## [TASK DETAILS]
Each line of the material must be repeated precisely, with the pictures left out.

## [EXERCISE DATA]

··········

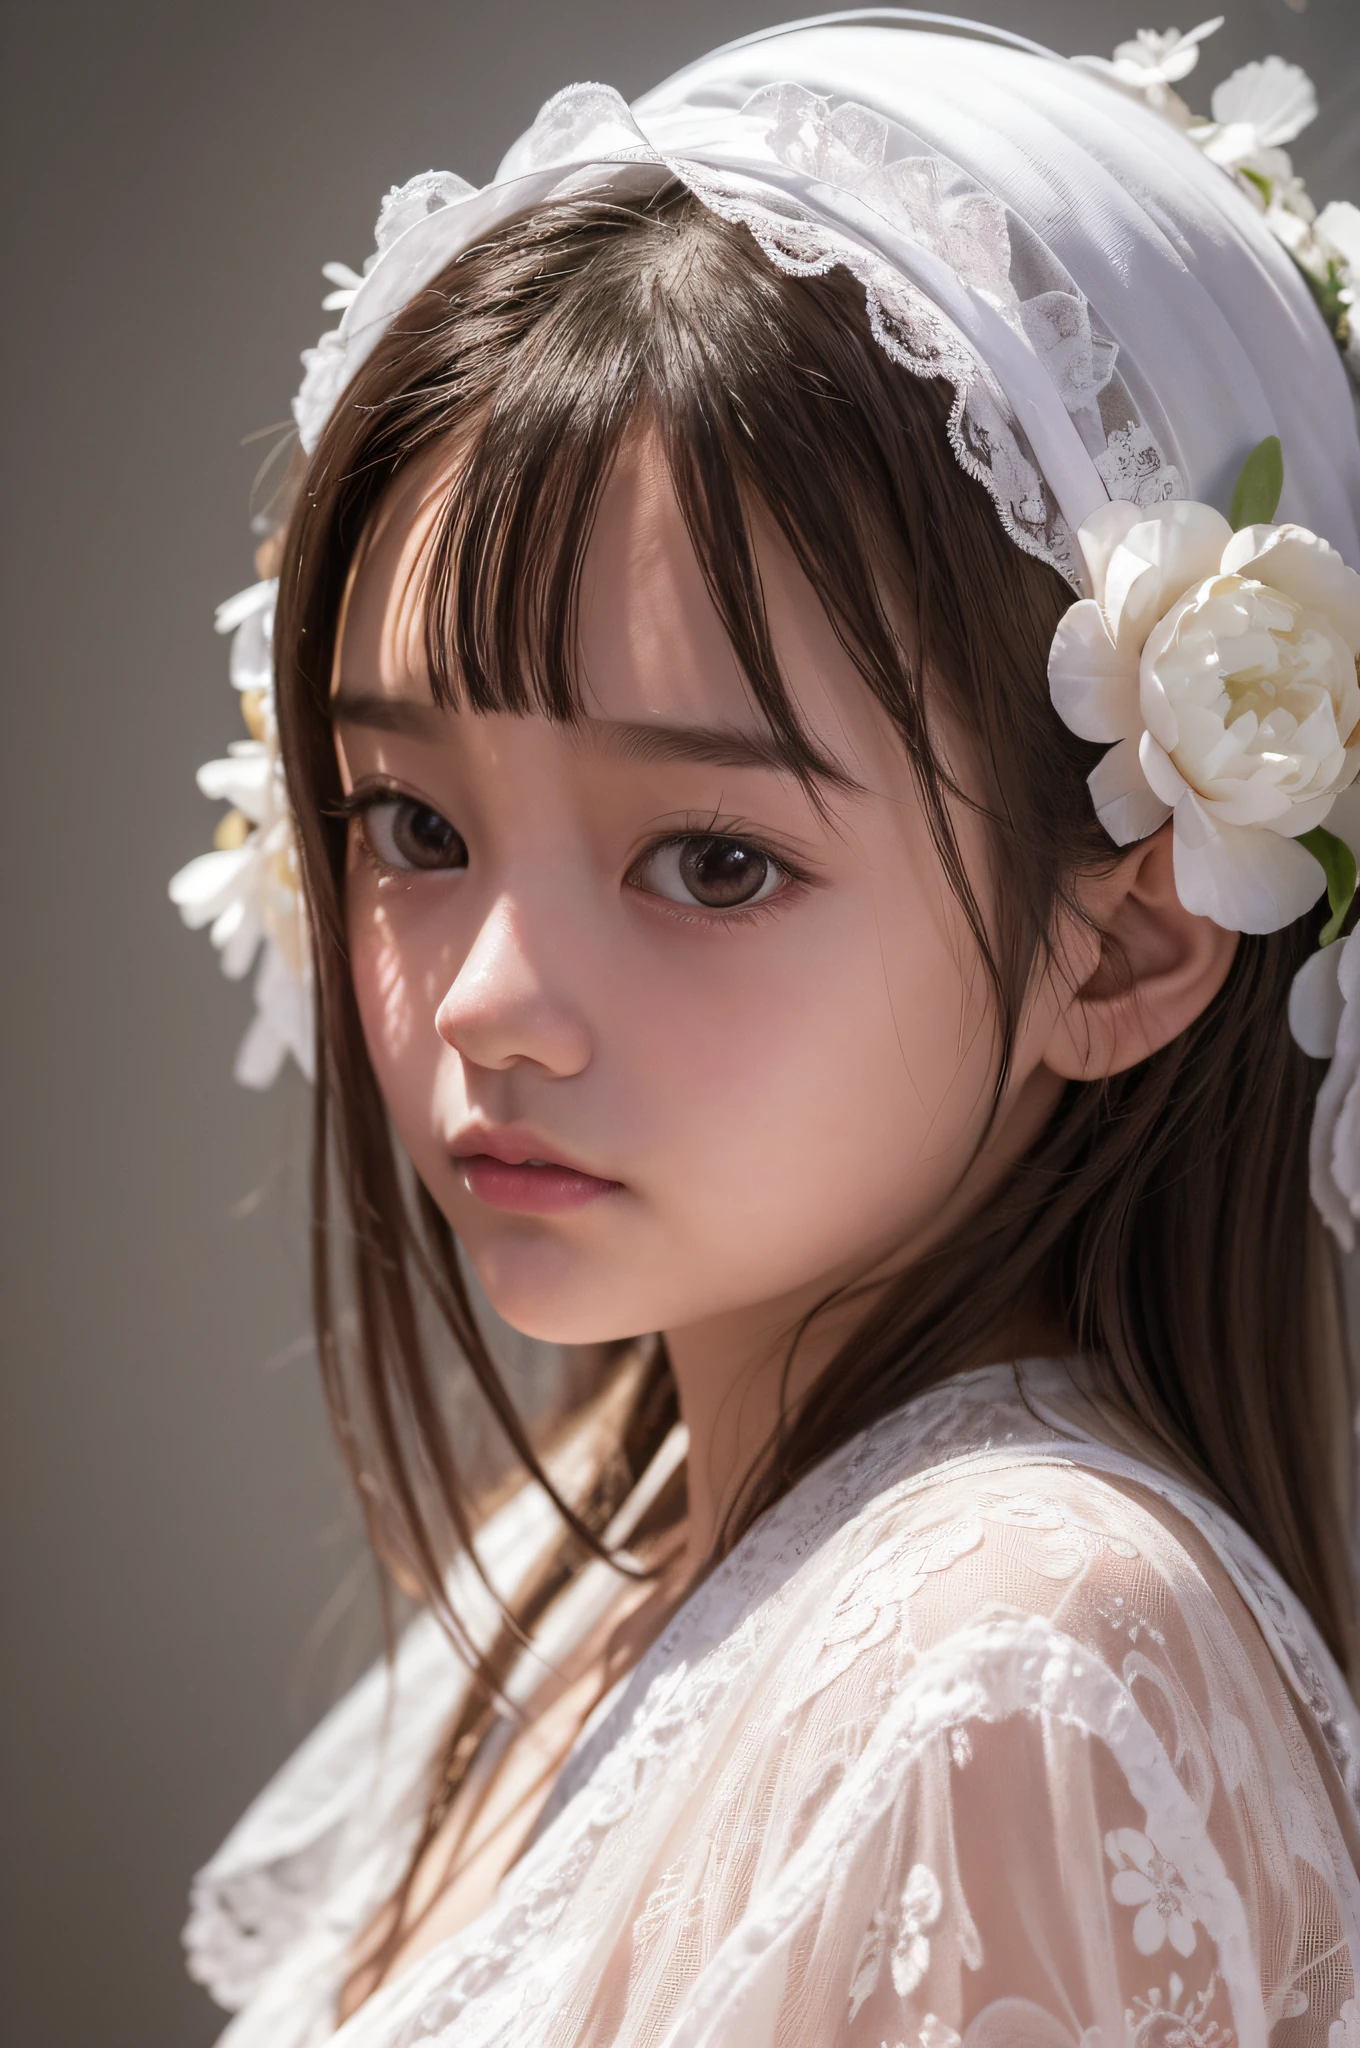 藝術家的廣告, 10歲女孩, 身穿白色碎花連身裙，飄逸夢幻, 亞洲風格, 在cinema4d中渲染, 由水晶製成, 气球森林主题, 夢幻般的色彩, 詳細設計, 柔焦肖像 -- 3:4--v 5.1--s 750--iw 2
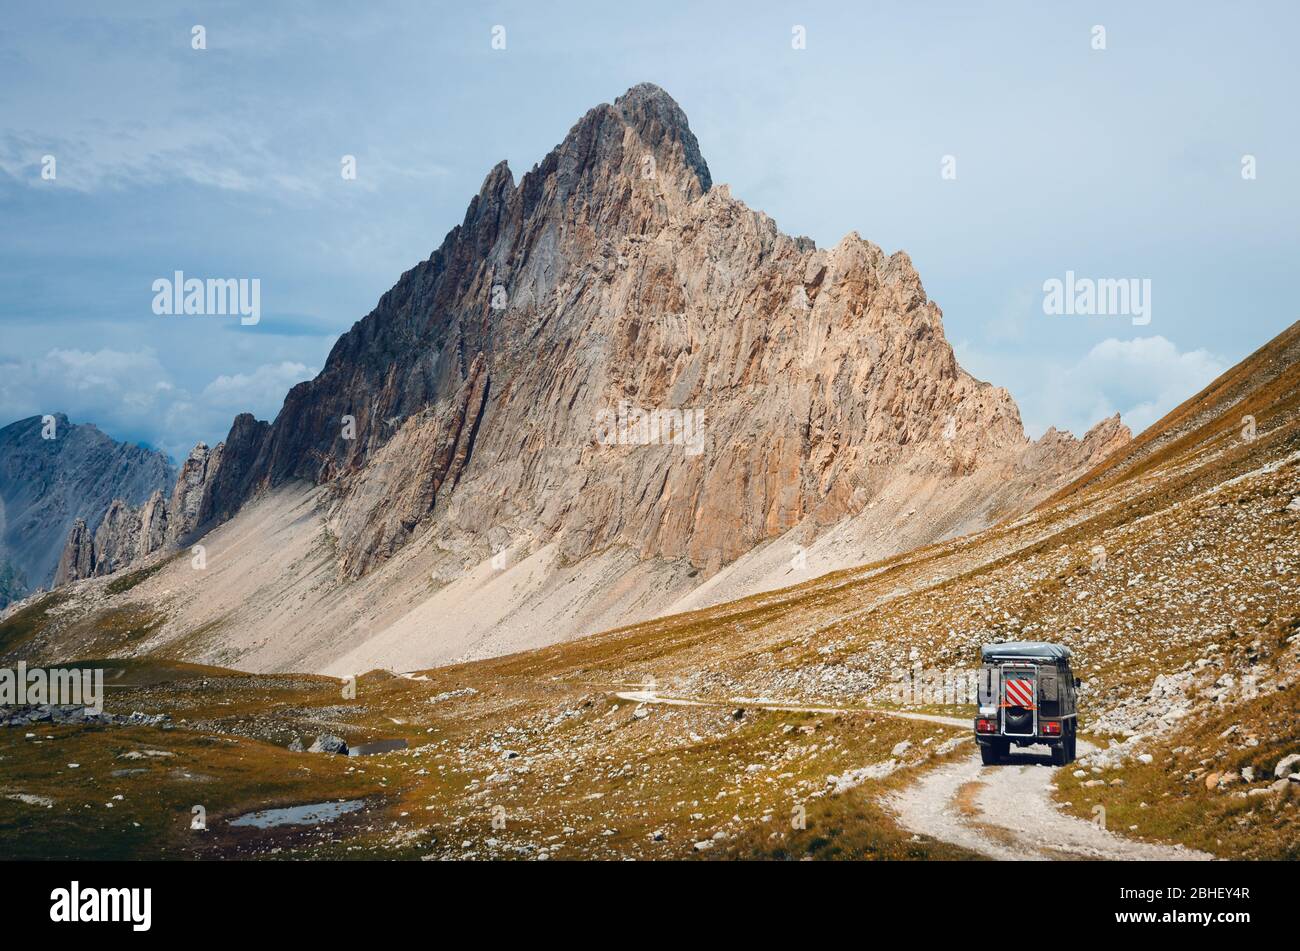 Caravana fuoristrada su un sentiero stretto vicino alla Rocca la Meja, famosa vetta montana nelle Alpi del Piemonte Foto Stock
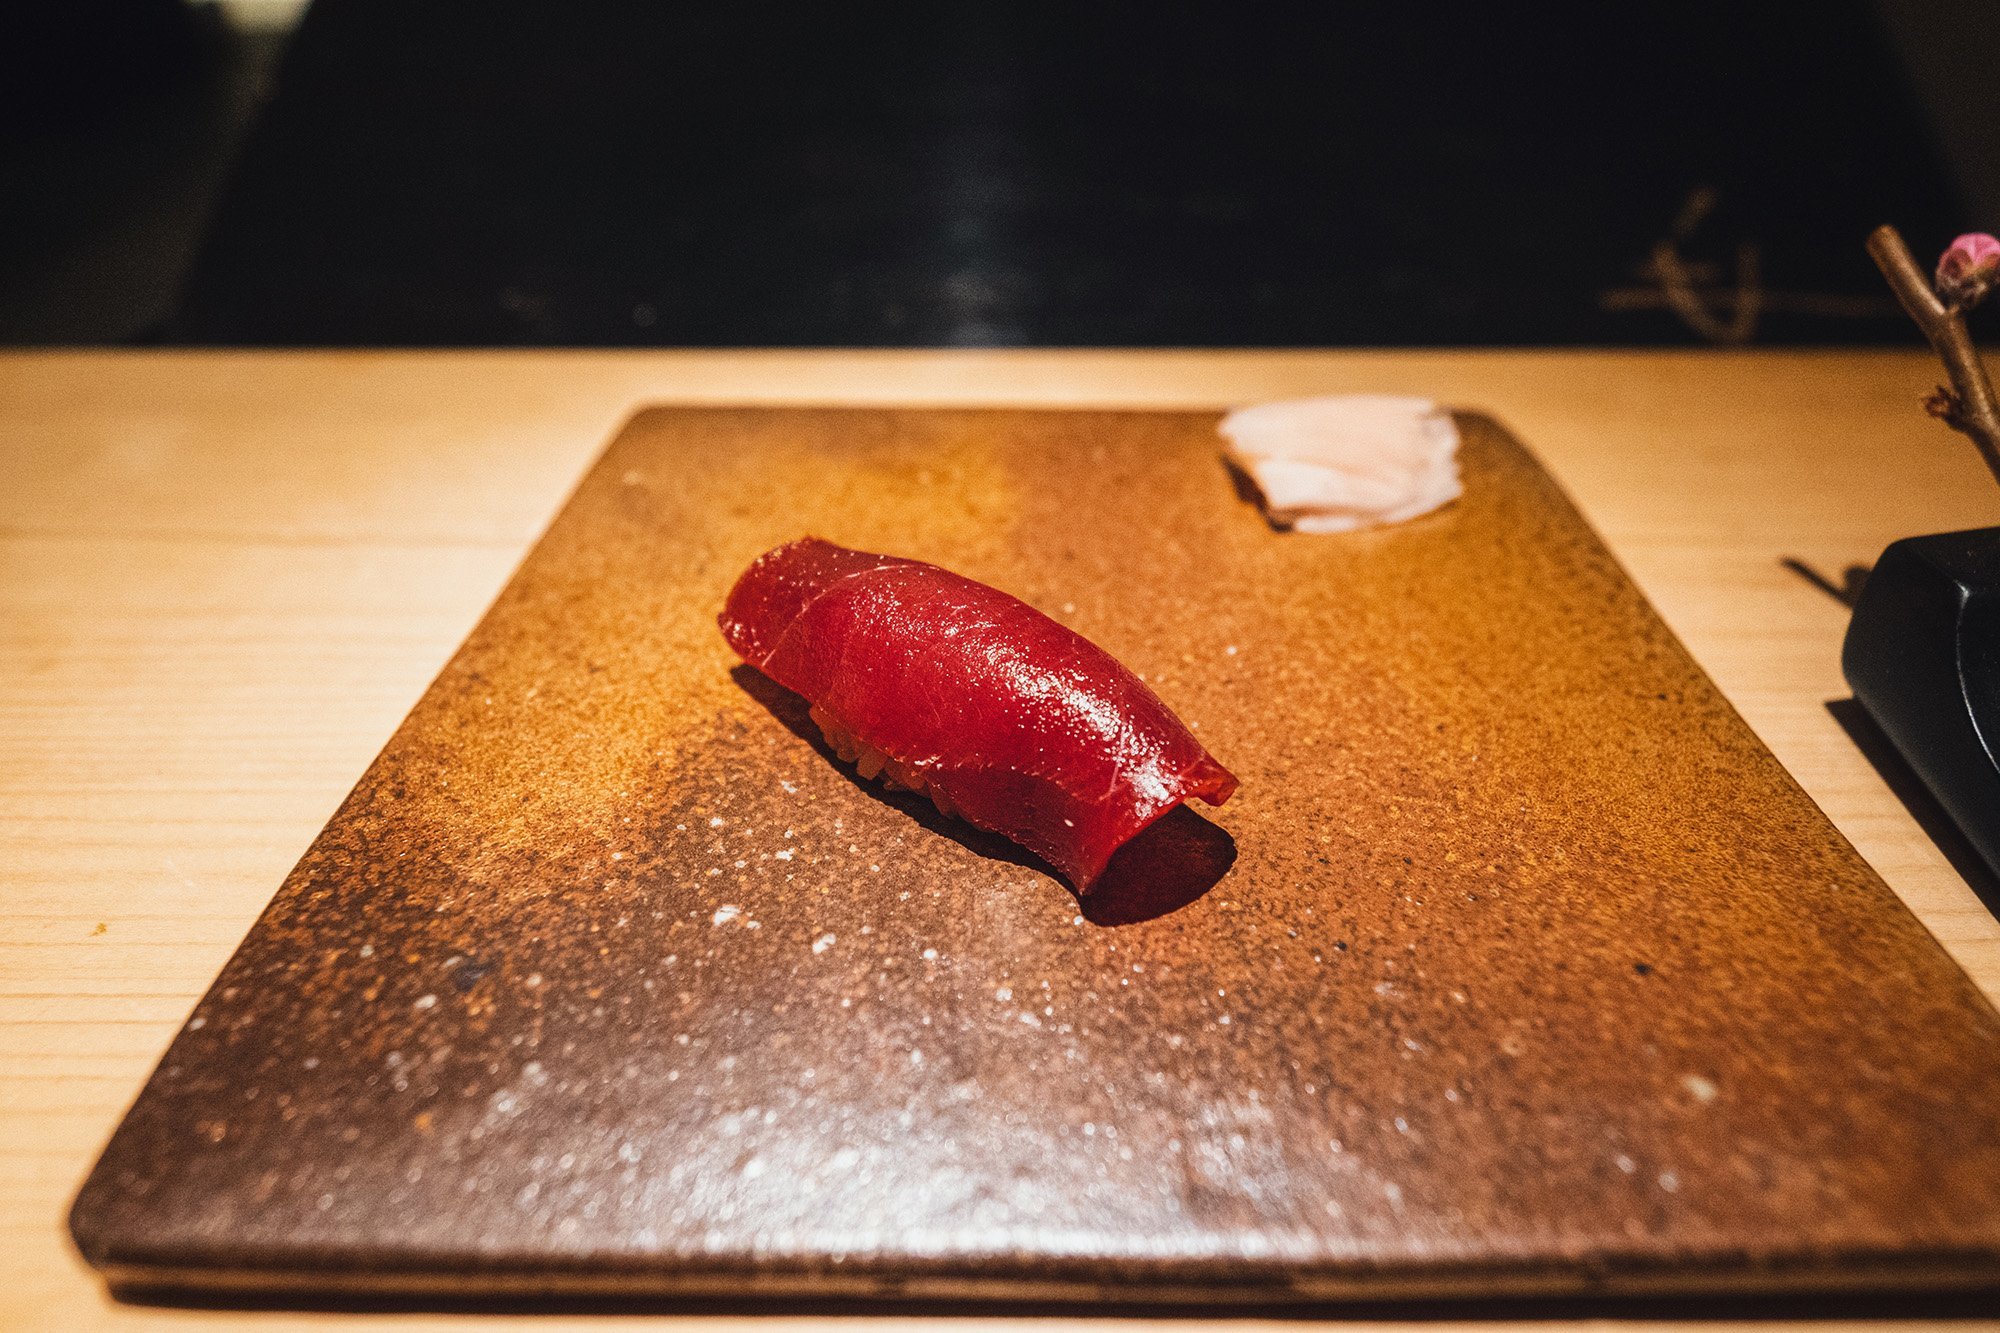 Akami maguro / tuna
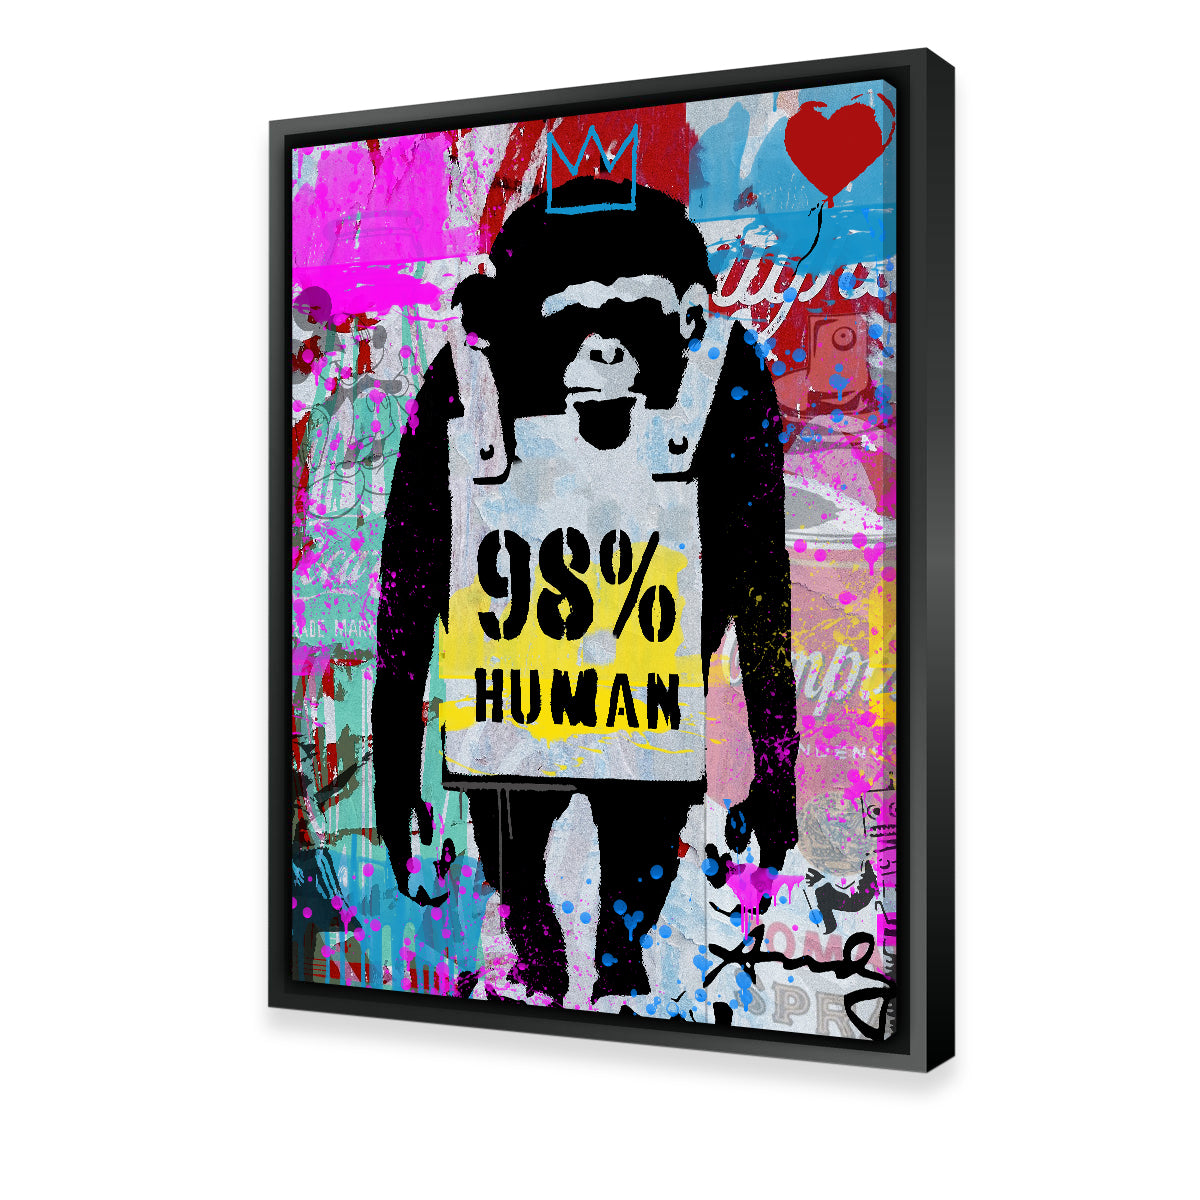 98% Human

··········

## [EXERCISE OUTPUT]
 藝術家的廣告, 10歲女孩, 身穿白色碎花連身裙，飄逸夢幻, 亞洲風格, 在cinema4d中渲染, 由水晶製成, 气球森林主题, 夢幻般的色彩, 詳細設計, 柔焦肖像 -- 3:4--v 5.1--s 750--iw 2
 Caravana fuoristrada su un sentiero stretto vicino alla Rocca la Meja, famosa vetta montana nelle Alpi del Piemonte Foto Stock
 Akami maguro / tuna
 98% Human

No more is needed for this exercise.